What you need to do → All of the data below should be set down again verbatim, without any images.

Data shown →
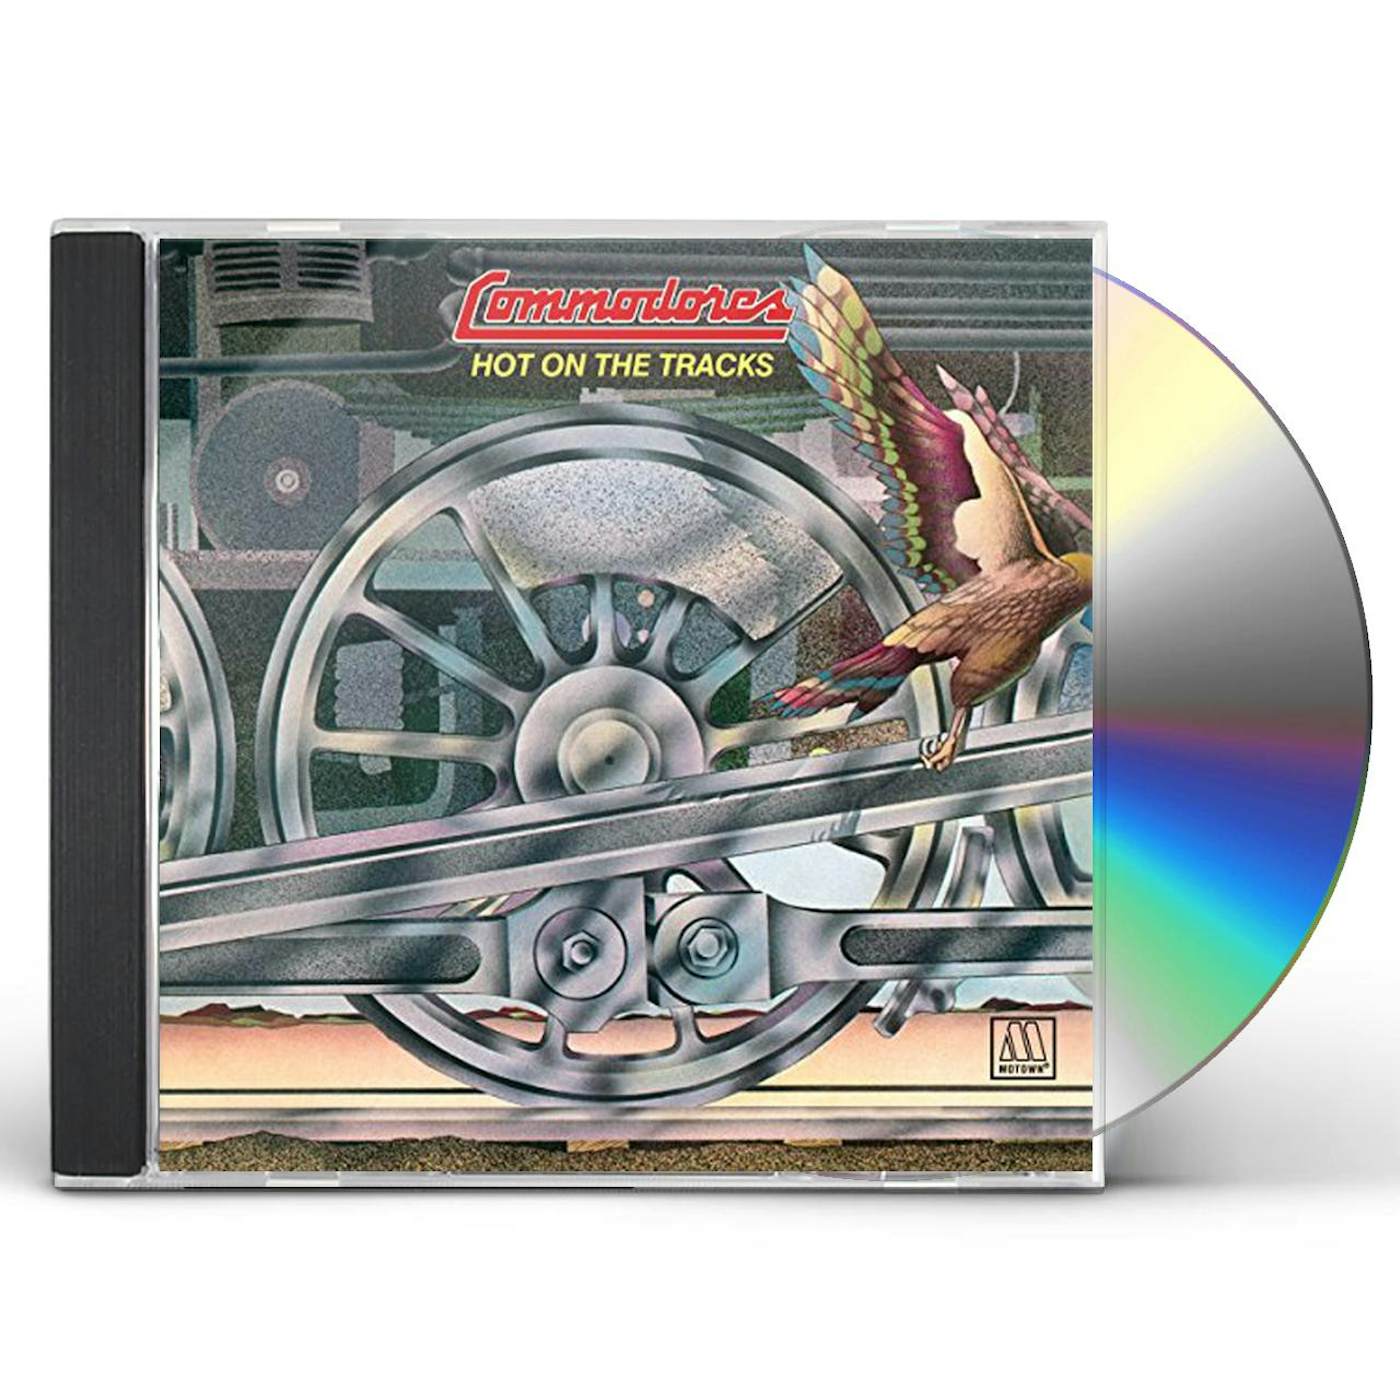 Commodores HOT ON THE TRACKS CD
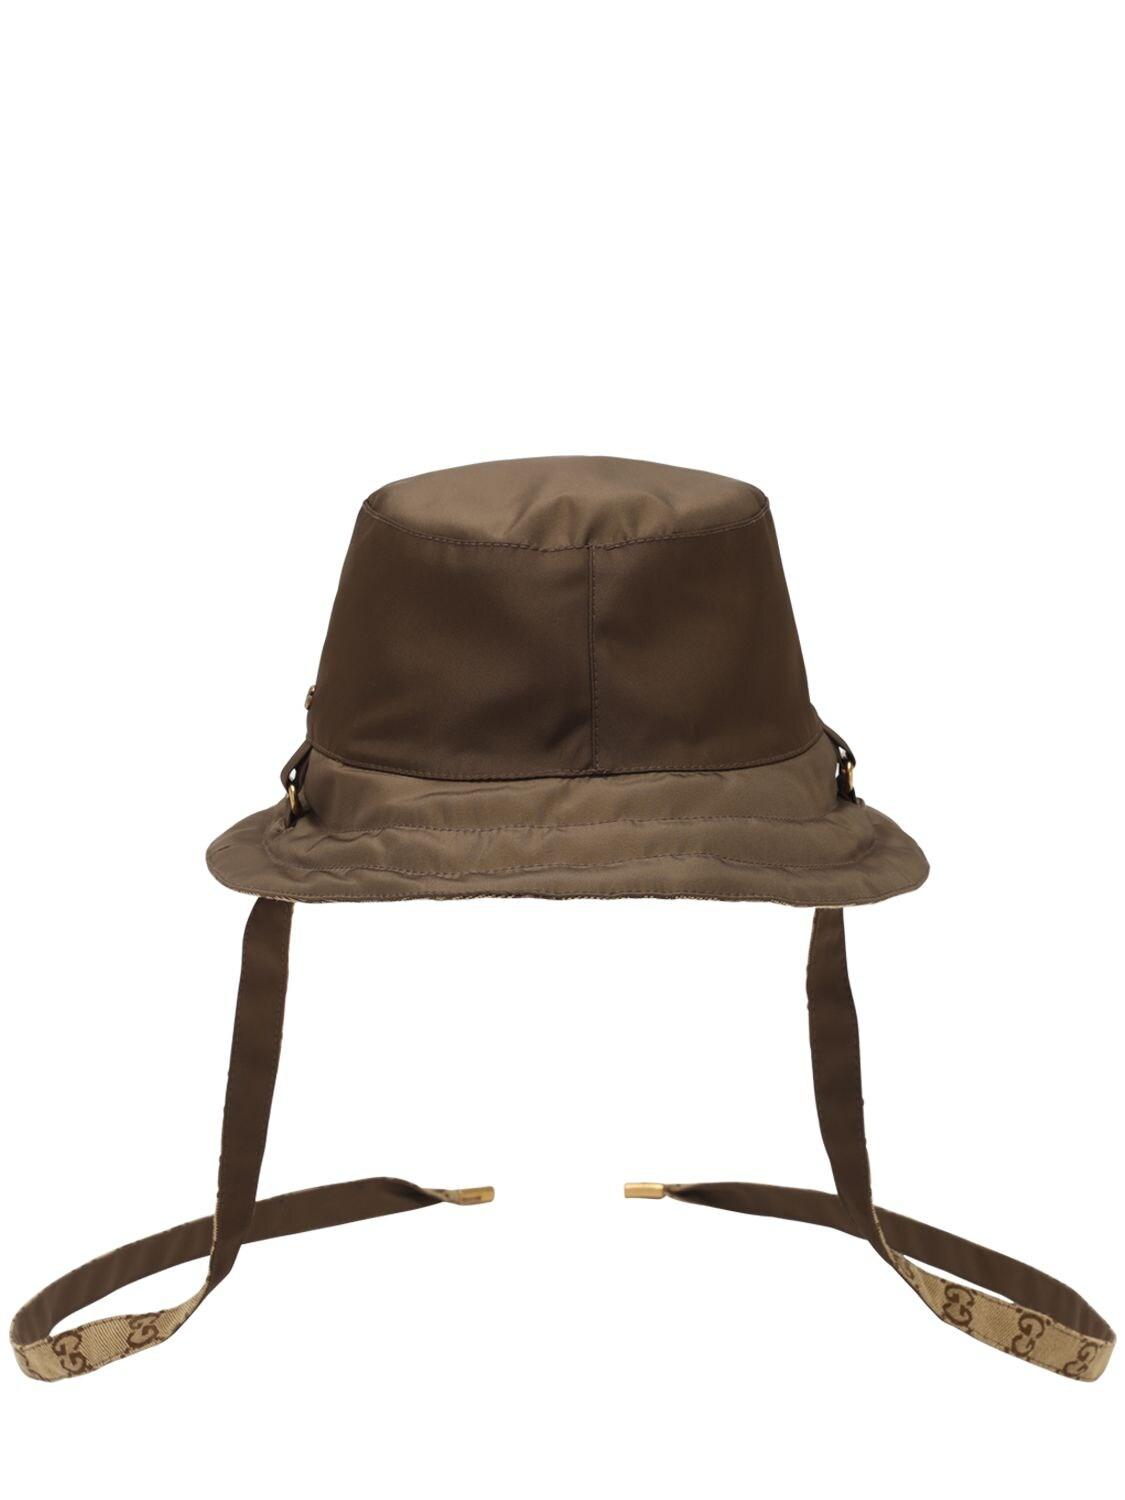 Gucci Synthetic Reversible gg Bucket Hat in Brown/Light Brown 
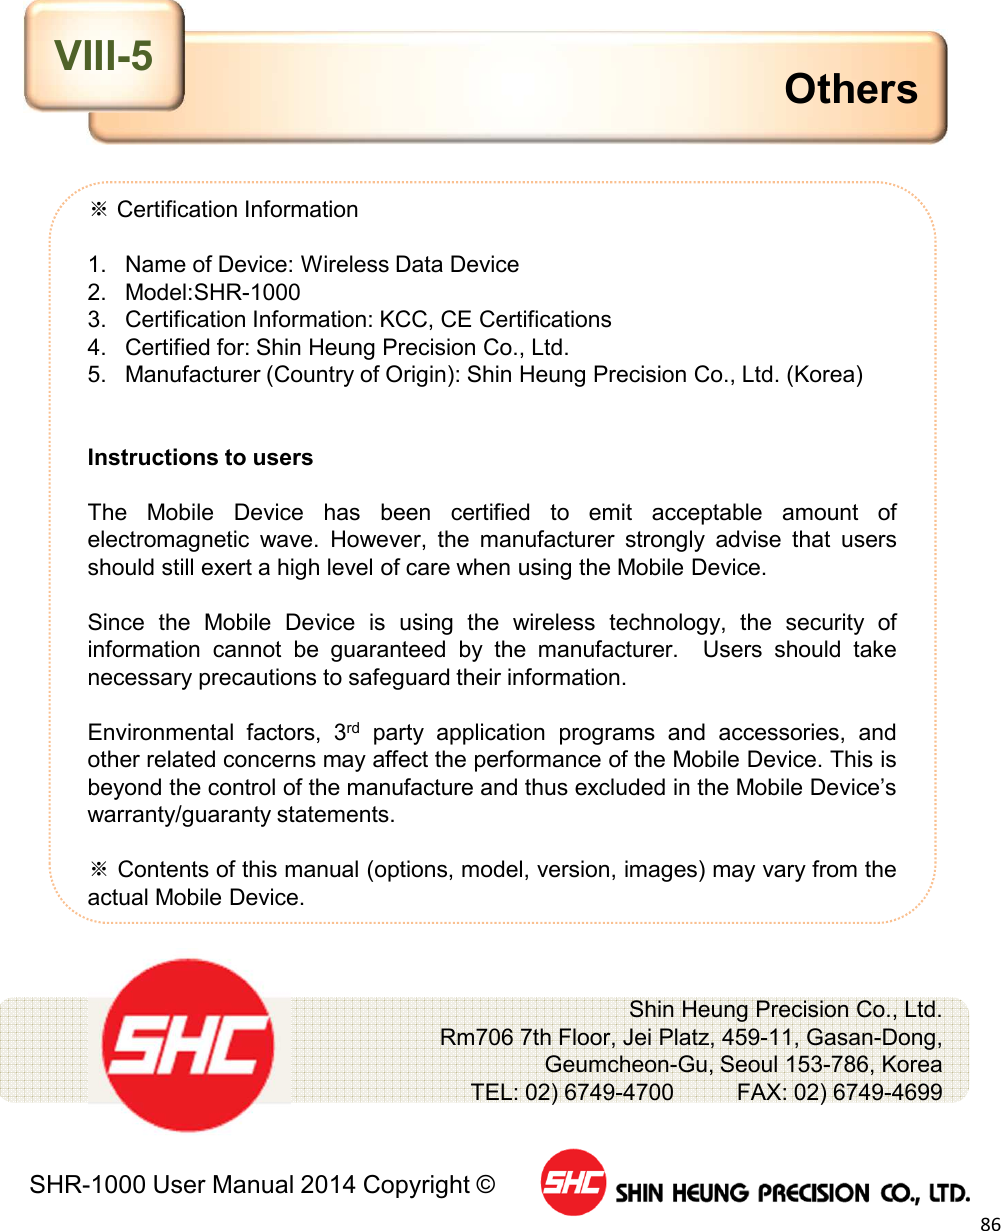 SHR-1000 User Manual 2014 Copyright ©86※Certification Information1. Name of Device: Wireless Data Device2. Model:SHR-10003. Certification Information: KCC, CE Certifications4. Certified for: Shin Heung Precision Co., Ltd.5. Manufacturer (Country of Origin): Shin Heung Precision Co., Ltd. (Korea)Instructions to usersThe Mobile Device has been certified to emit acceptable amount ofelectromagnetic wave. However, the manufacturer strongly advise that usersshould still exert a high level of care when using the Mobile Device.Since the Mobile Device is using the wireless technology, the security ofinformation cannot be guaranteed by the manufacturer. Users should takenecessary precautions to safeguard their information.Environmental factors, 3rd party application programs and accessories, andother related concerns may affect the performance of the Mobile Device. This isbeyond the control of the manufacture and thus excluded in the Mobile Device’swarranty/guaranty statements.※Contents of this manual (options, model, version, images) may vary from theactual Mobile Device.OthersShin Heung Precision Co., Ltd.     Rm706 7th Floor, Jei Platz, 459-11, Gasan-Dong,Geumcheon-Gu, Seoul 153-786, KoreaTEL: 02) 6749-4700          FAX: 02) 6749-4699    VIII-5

Response area →
 Commodores HOT ON THE TRACKS CD
 Gucci Synthetic Reversible gg Bucket Hat in Brown/Light Brown 
 SHR-1000 User Manual 2014 Copyright ©86※Certification Information1. Name of Device: Wireless Data Device2. Model:SHR-10003. Certification Information: KCC, CE Certifications4. Certified for: Shin Heung Precision Co., Ltd.5. Manufacturer (Country of Origin): Shin Heung Precision Co., Ltd. (Korea)Instructions to usersThe Mobile Device has been certified to emit acceptable amount ofelectromagnetic wave. However, the manufacturer strongly advise that usersshould still exert a high level of care when using the Mobile Device.Since the Mobile Device is using the wireless technology, the security ofinformation cannot be guaranteed by the manufacturer. Users should takenecessary precautions to safeguard their information.Environmental factors, 3rd party application programs and accessories, andother related concerns may affect the performance of the Mobile Device. This isbeyond the control of the manufacture and thus excluded in the Mobile Device’swarranty/guaranty statements.※Contents of this manual (options, model, version, images) may vary from theactual Mobile Device.OthersShin Heung Precision Co., Ltd.     Rm706 7th Floor, Jei Platz, 459-11, Gasan-Dong,Geumcheon-Gu, Seoul 153-786, KoreaTEL: 02) 6749-4700          FAX: 02) 6749-4699    VIII-5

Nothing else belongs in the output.